Geneva stop with five spokes, allowing four rotations of the driving wheel

Geneva wheels having the form of the driven wheel were also used in mechanical watches, but not in a drive, rather to limit the tension of the spring, such that it would operate only in the range where its elastic force is nearly linear. If one of the slots of the driven wheel is occluded, the number of rotations the drive wheel can make is limited. In watches, the "drive" wheel is the one that winds up the spring, and the Geneva wheel with four or five spokes and one closed slot prevents overwinding (and also complete unwinding) of the spring. This so-called Geneva stop or "Geneva stop work" was the invention of 17th or 18th century watchmakers.

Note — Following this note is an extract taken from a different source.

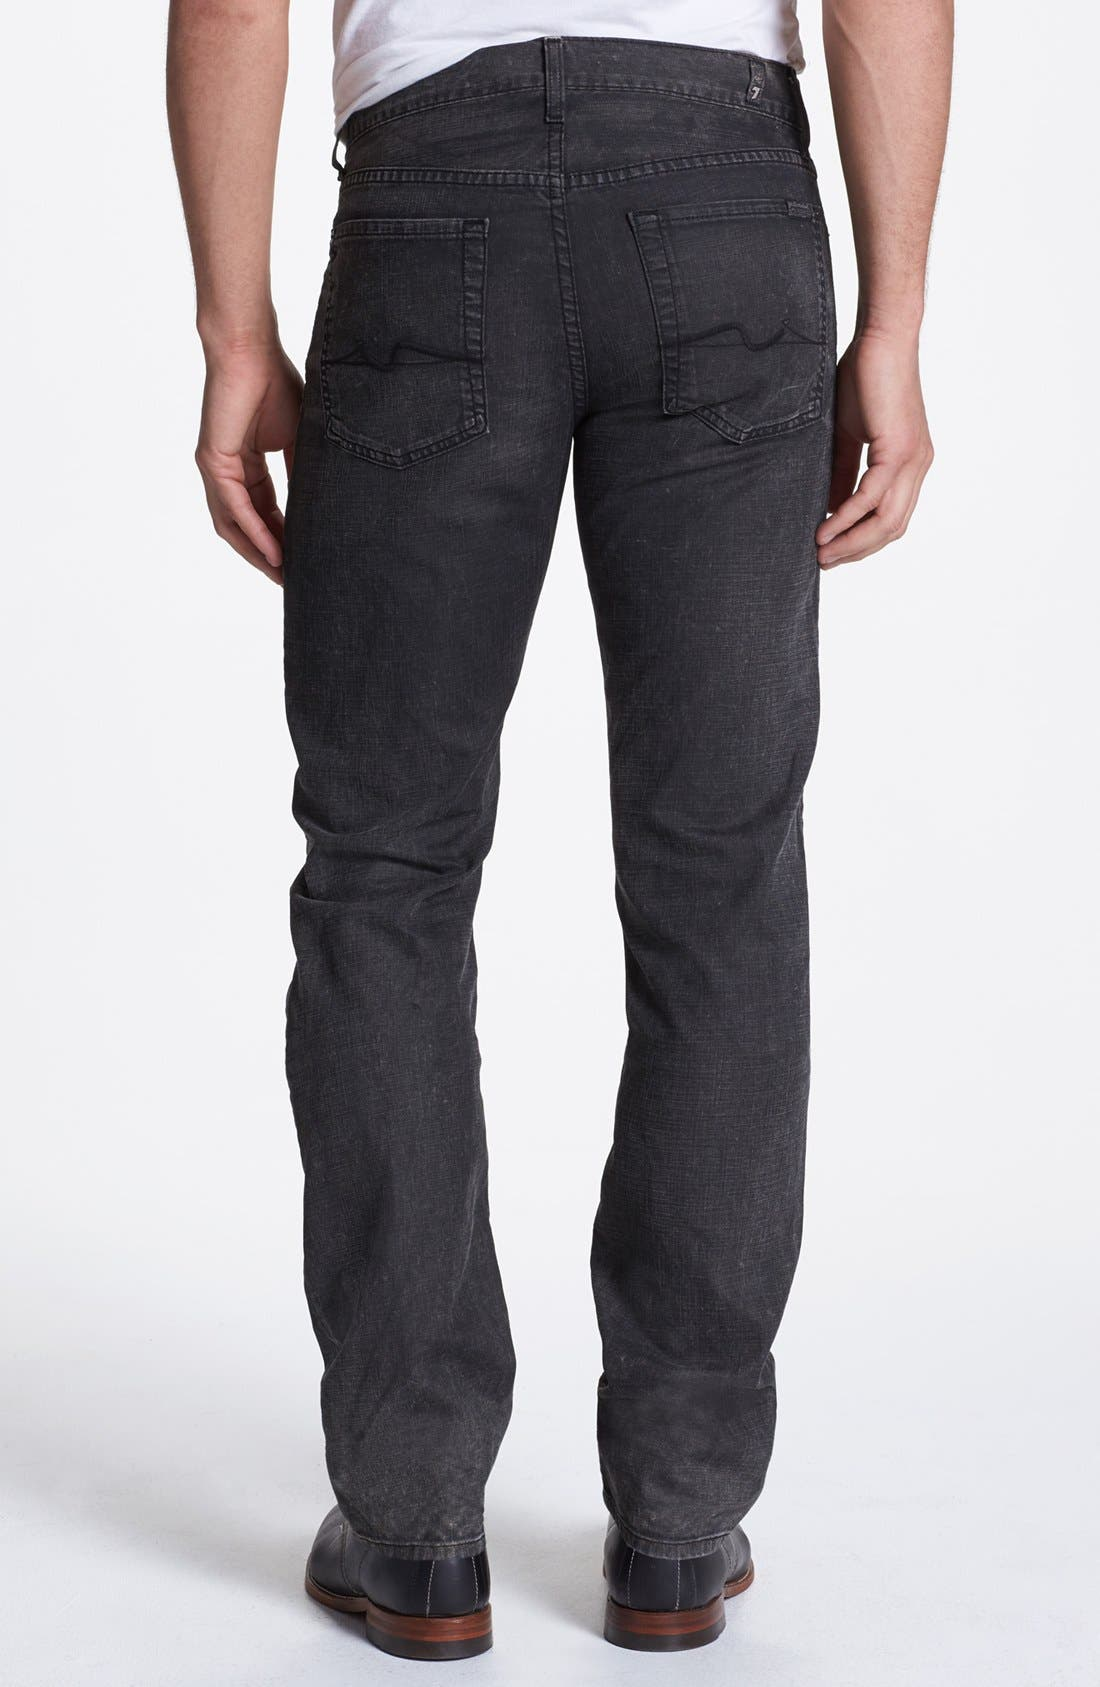 Main Image - 7 For All Mankind® 'Slimmy' Slim Fit Jeans (Seven Mile Lane)

Other applications of the Geneva drive include the pen change mechanism in plotters, automated sampling devices, banknote counting machines, and many forms of indexable equipment used in manufacturing (such as the tool changers in CNC machines; the turrets of turret lathes, screw machines, and turret drills; some kinds of indexing heads and rotary tables; and so on). The Iron Ring Clock uses a Geneva mechanism to provide intermittent motion to one of its rings.

A Geneva drive was used to change filters in the Dawn mission framing camera used to image the asteroid 4 Vesta in 2011. It was selected to ensure that should the mechanism fail at least one filter would be usable.

=== Internal version ===
A variant exists where the drive wheel is inside the driven wheel. While an external Geneva drive advances the driven wheel one step in less than 180° rotation of the drive wheel, so (assuming a constant-speed drive wheel) the stop is always longer than the motion, in an internal wheel the motion always requires more than 180° rotation of the drive wheel, so the motion takes longer than the stop. The axis of the drive wheel can have a bearing only on one side.

Internal Geneva drive
Animation showing an internal Geneva drive in operation

The external form is the more common, as it can be built smaller and can withstand higher mechanical stresses. A shorter stop time can also be achieved by having more than one drive pin on an external drive wheel.

=== Spherical version ===
Another variant is the spherical Geneva drive.

Spherical Geneva drive

== Kinematics ==

Timing diagram over one revolution for angle, angular velocity, angular acceleration, and angular jerk

The figure shows the motion curves for an external four-slot Geneva drive, in arbitrary units. A discontinuity appears in the acceleration when the drive pin enters and leaves the slot, occurring at the instant the rigid bearing surfaces make contact or separate. This generates an "infinite" peak of jerk (Dirac peak), and therefore vibrations.